Whether that level of activism will satisfy Cruz and other conservative stalwarts on the Judiciary Committee is uncertain.  Whatever Ozerden’s fate, an important line has been crossed before he tried to put the genie back in the bottle by concluding even he nodded to the answer Cruz was openly asking for by referring to his political activities before then and concluding: ”I think if you look at my record on the whole, I think you will see I am committed to principles of textualism and following the law and following the Constitution.” 

But Cruz has said the quiet part out loud: All that rhetoric about strict constructionists is a bunch of hooey. 

“What they’re looking for are results-oriented judges,” says Daniel Goldberg, legal director with the liberal advocacy group, Alliance for Justice. 

“Ted Cruz pulled away the curtain by asking a judicial nominee point blank what he did to advance the conservative cause,” said Goldberg, calling that “a new litmus test.” 

Ozerden has stellar GOP connections. He was a groomsman in acting White House Chief of Staff Mike Mulvaney’s wedding, and he has the backing of his home state Republican senators. But conservative activists don’t like that in 2012 he dismissed a case brought by the Catholic Diocese against the contraceptive mandate in the Affordable Care Act.  

He dismissed it “without prejudice,” meaning he didn’t rule on the merits, explaining the case wasn’t “ripe” for litigation since the Obamacare regulations were still being developed at the time. Cruz called Ozerden’s opinion “cursory” and complained that the judge his given the plaintiffs “the back of the hand.” 

Now that the GOP has almost unbridled power to shape the judiciary, they want loyal foot soldiers, not legal luminaries. 

Ozerden is at least the third judicial nominee to be attacked from the right as the Senate has raced nominees through, suggesting Republicans are so emboldened that they are upping the ideological purity for judicial nominations while lowering the bar for professional credentials. 

Last month, Michael Bogren withdrew his district court nomination in Michigan after Cruz and other conservative GOP senators said they wouldn’t vote for him. His ideological misstep occurred when he was an attorney for the city of East Lansing and defended the city’s anti-discrimination law as it pertained to LGBTQ people. 

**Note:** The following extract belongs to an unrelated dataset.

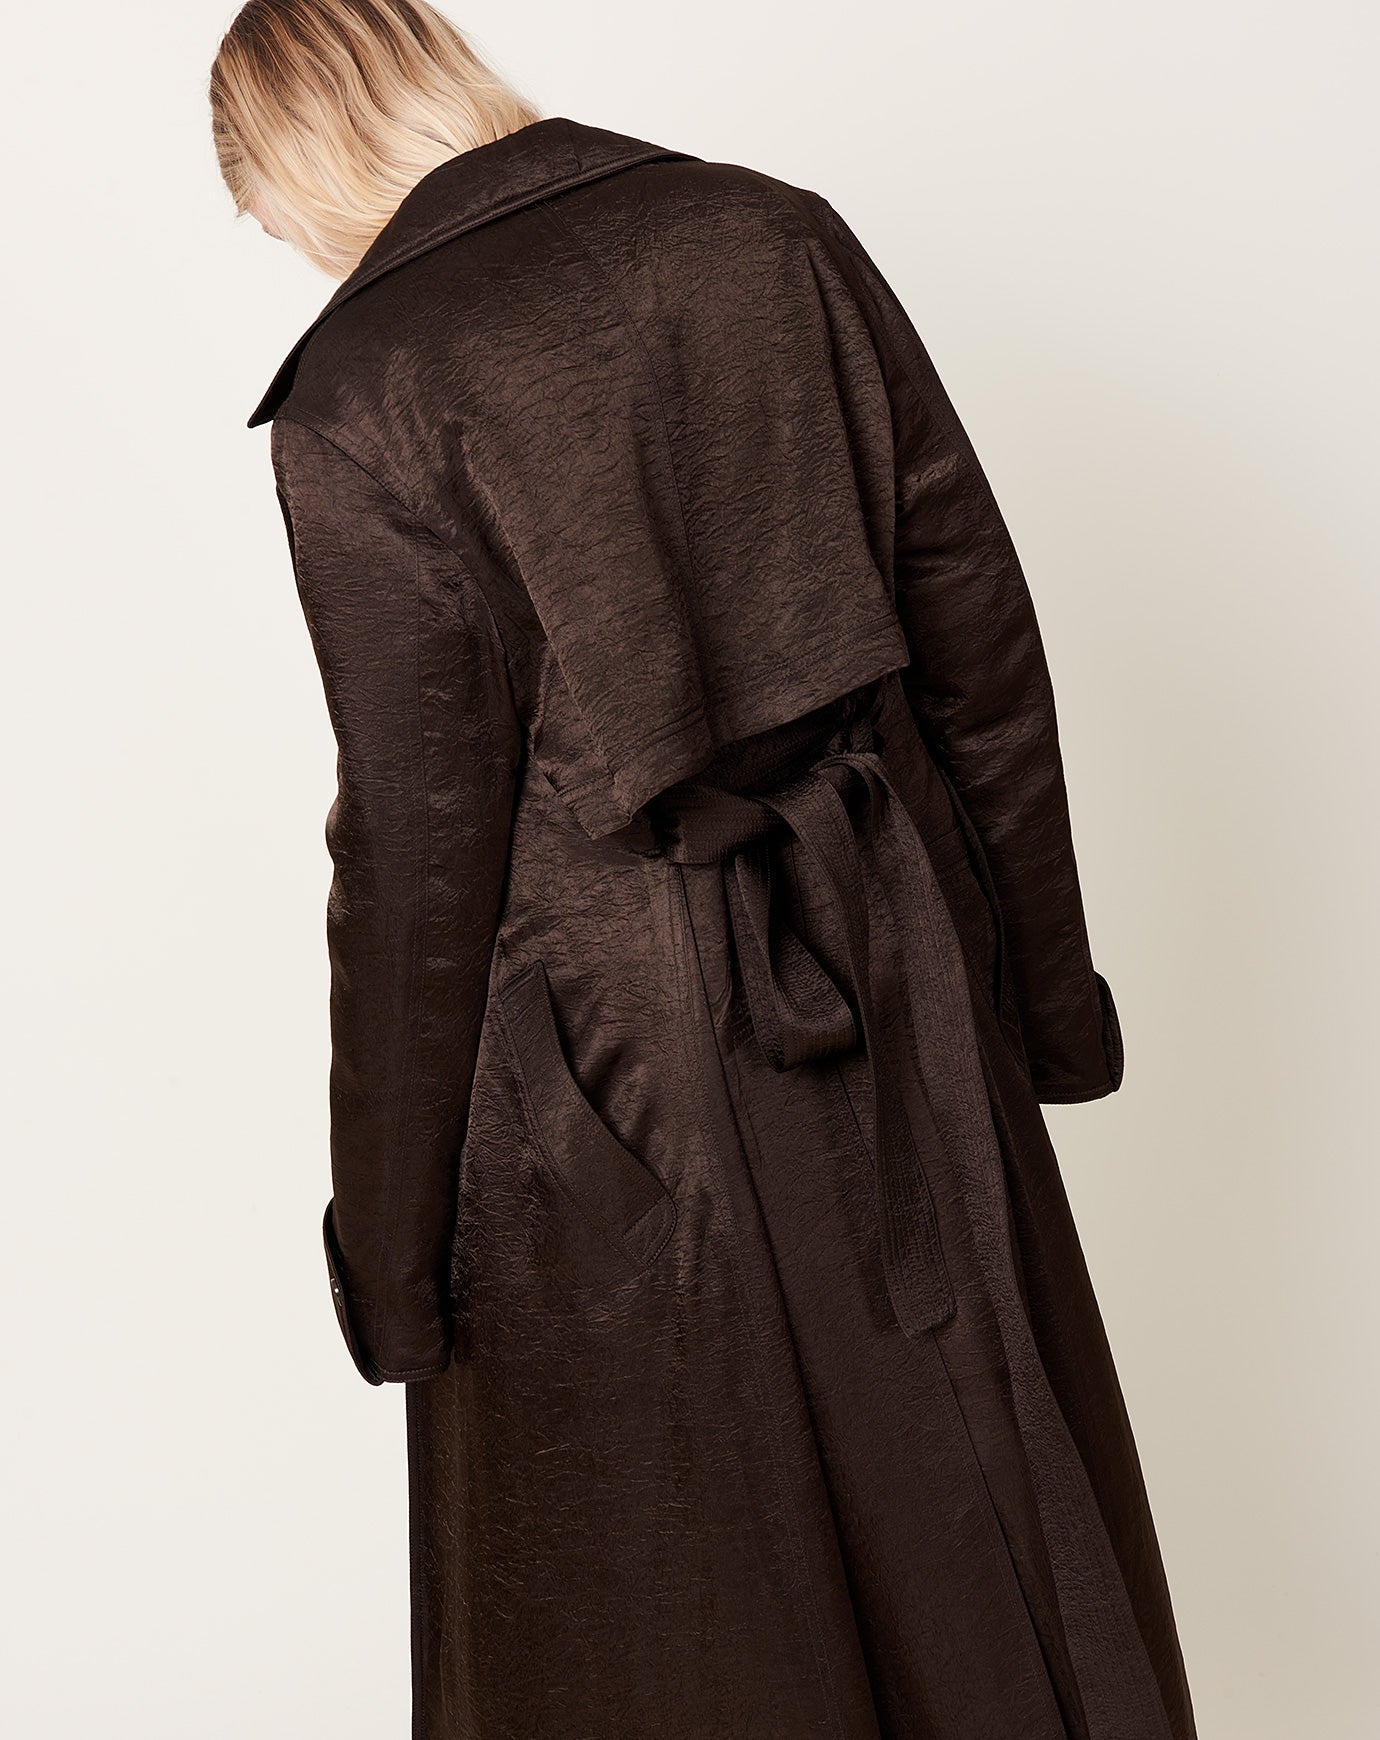 Maria McManus Quilted Trench Coat in Chocolate

“I represent clients, not causes,” Bogren said when questioned about the case. “Under my role as an advocate, it’s different than what my role would be (as a judge).” Bogren had the support of Michigan Democrat Debbie Stabenow, but the blowback from Cruz and company over how he might rule on religious freedom issues forced him to withdraw. 

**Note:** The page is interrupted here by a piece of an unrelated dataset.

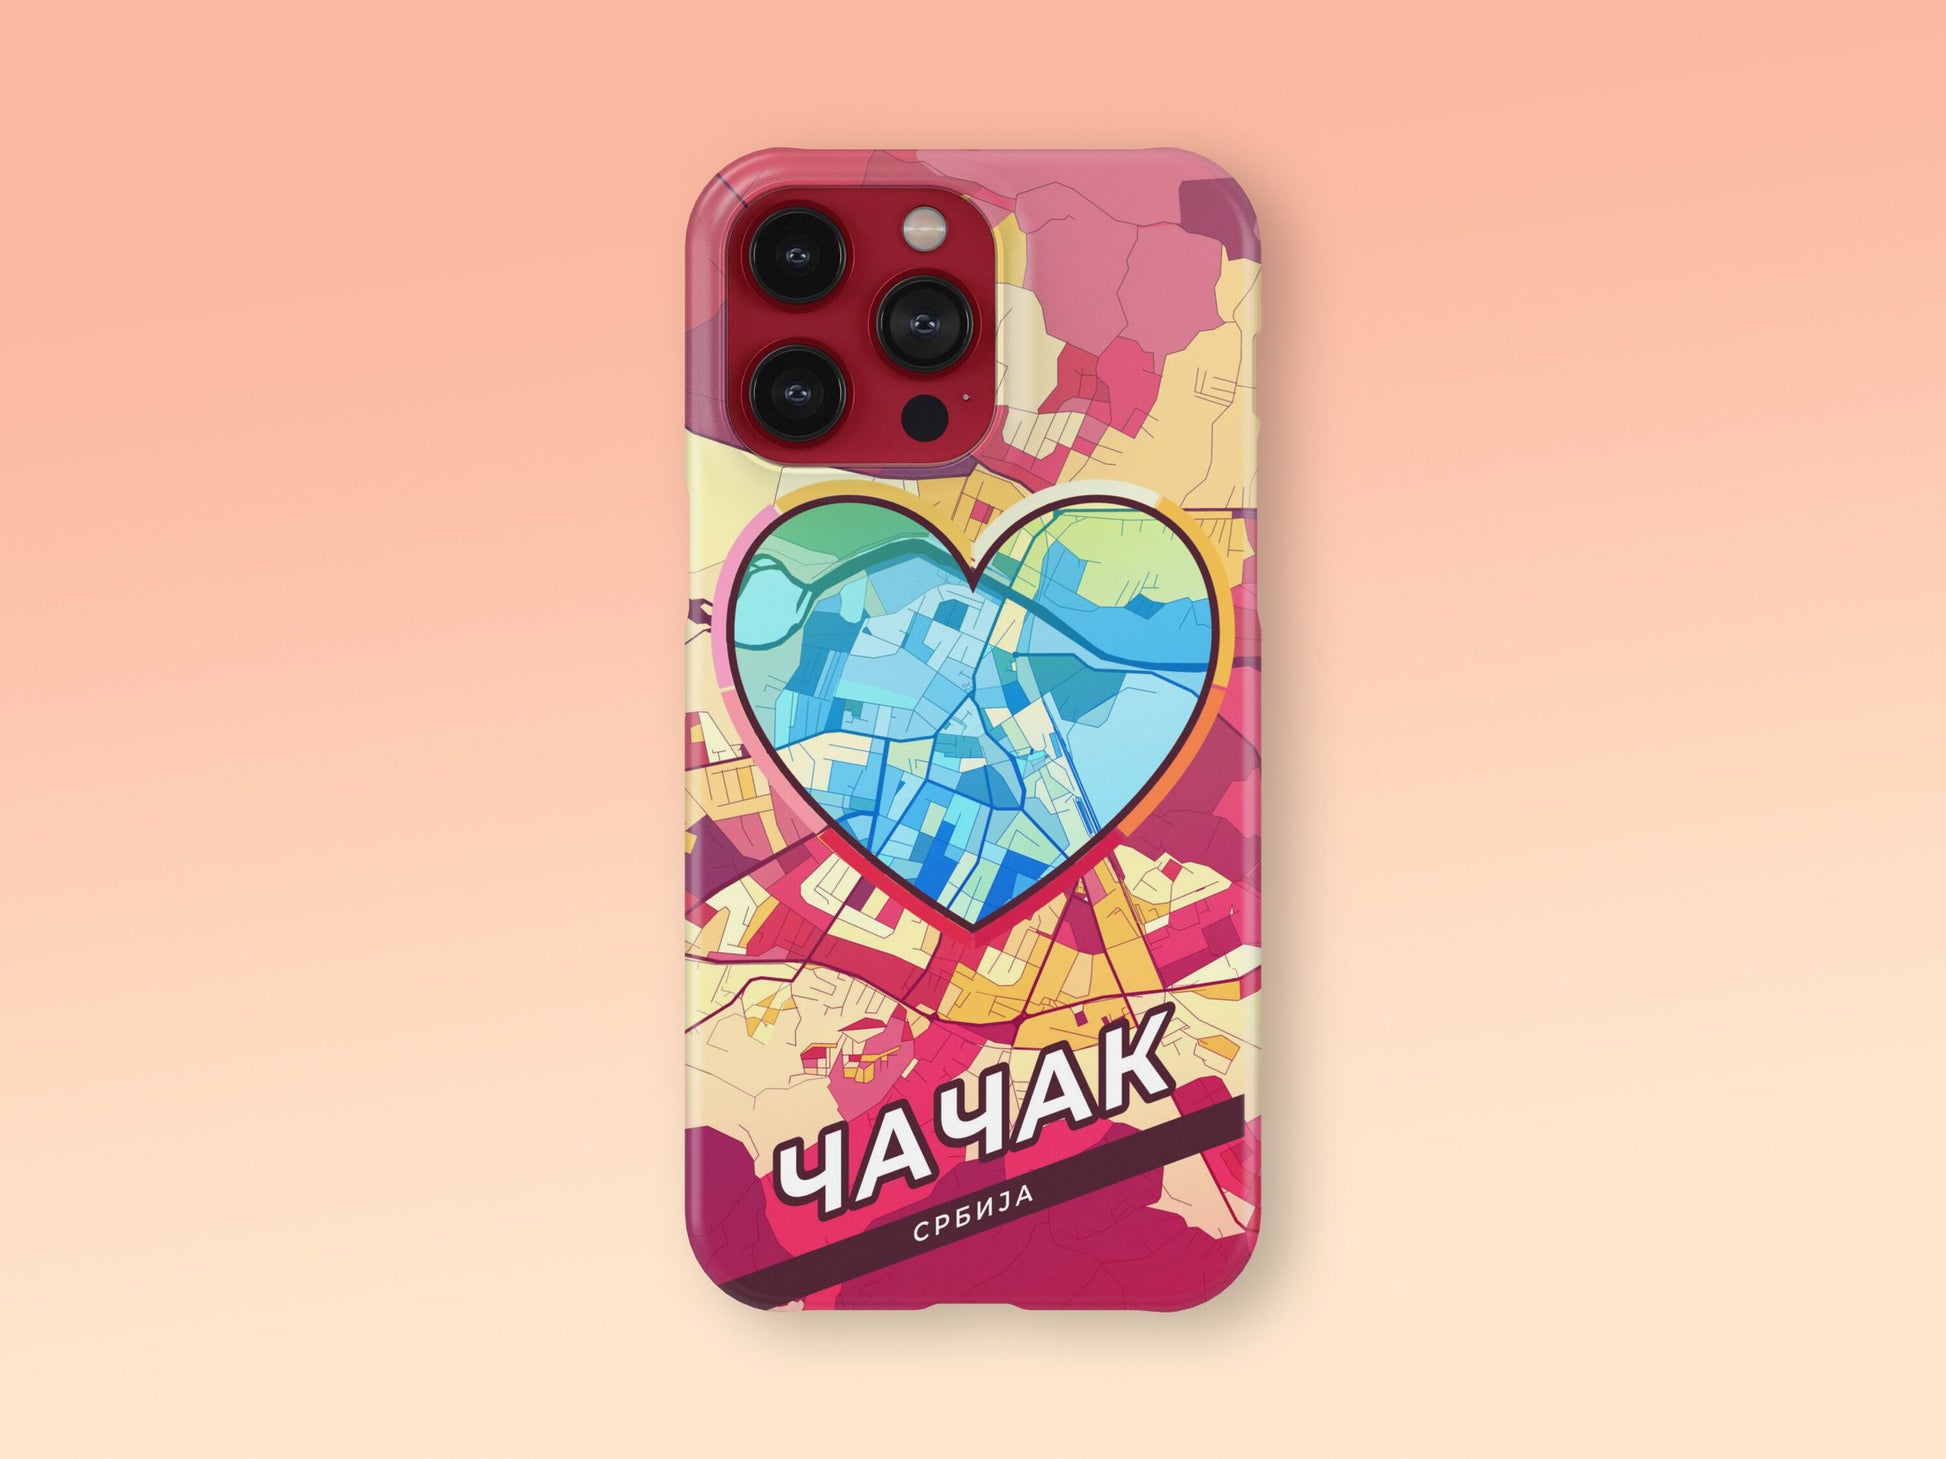 Čačak Serbia slim phone case with colorful icon. Birthday, wedding or housewarming gift. Couple match cases. 2

Earlier this year, Neomi Rao, a Trump appointee who headed the White House Office of Information and Regulatory Affairs with a zeal for overturning federal regulations, faced tough questioning from Republicans about her nomination to a federal appeals court—not because she had never tried a case but because she was seen as insufficiently anti-abortion. Senators noted that she had not used the phrase “pro-life” when describing the movement against reproductive rights.

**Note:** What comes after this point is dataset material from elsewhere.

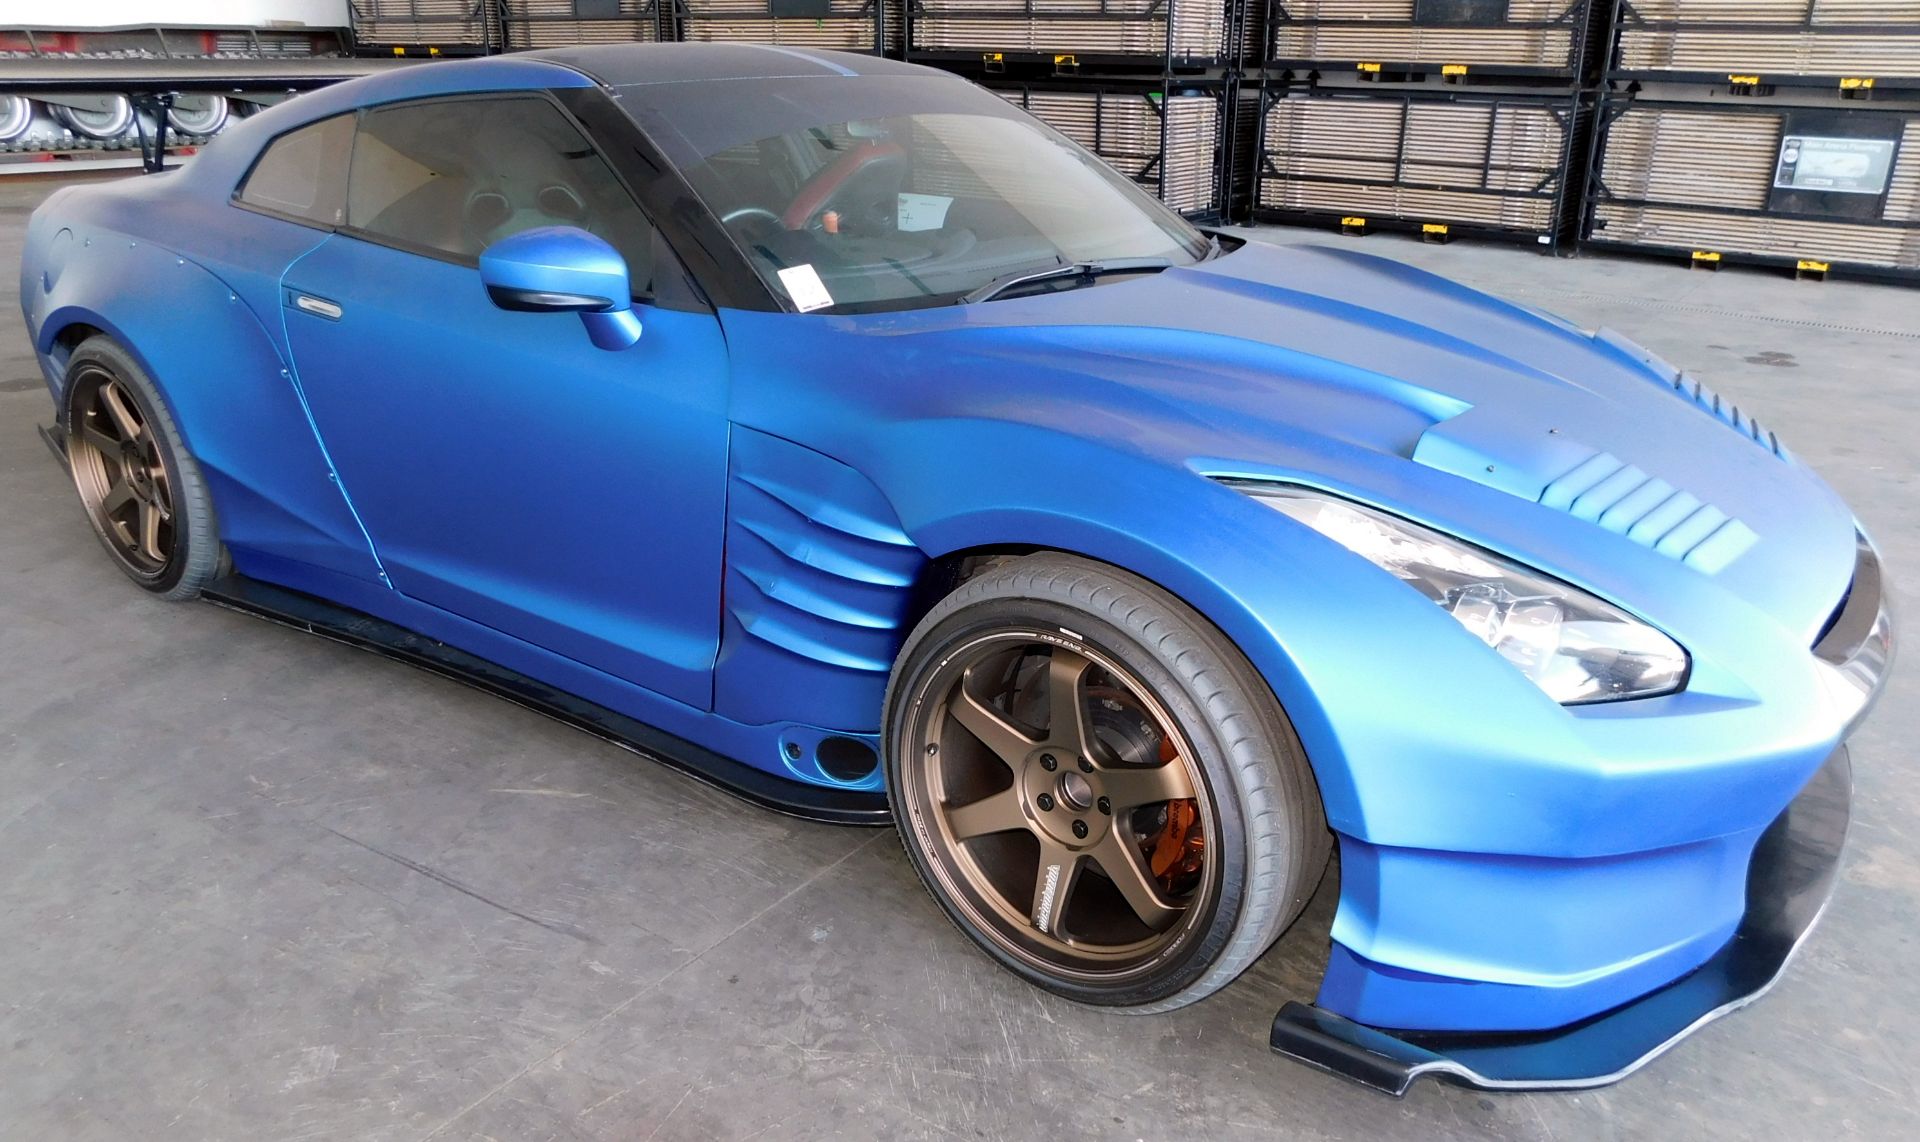 Nissan GTR 2 Door RHD Coupe, 3.8 Litre Engine, Manual Gearbox, Bensopera Body Kit, Not Road Legal, - Image 2 of 12

She assuaged those concerns at her hearing, and she now has a lifetime seat on the federal bench. The frustration Democrats feel in failing to stop the Trump train of judges was evident in Senator Dick Durbin’s comments on the Senate floor when he voted—as did every Democratic senator—against Rao: 

“Isn’t there a good Republican conservative somewhere who’s actually been in a courtroom, actually made an appearance in a case, maybe even tried a case or filed a motion and would know a courthouse if they saw it and on not on TV? Is that too much to ask for a lifetime appointment to the second-highest court in the land?”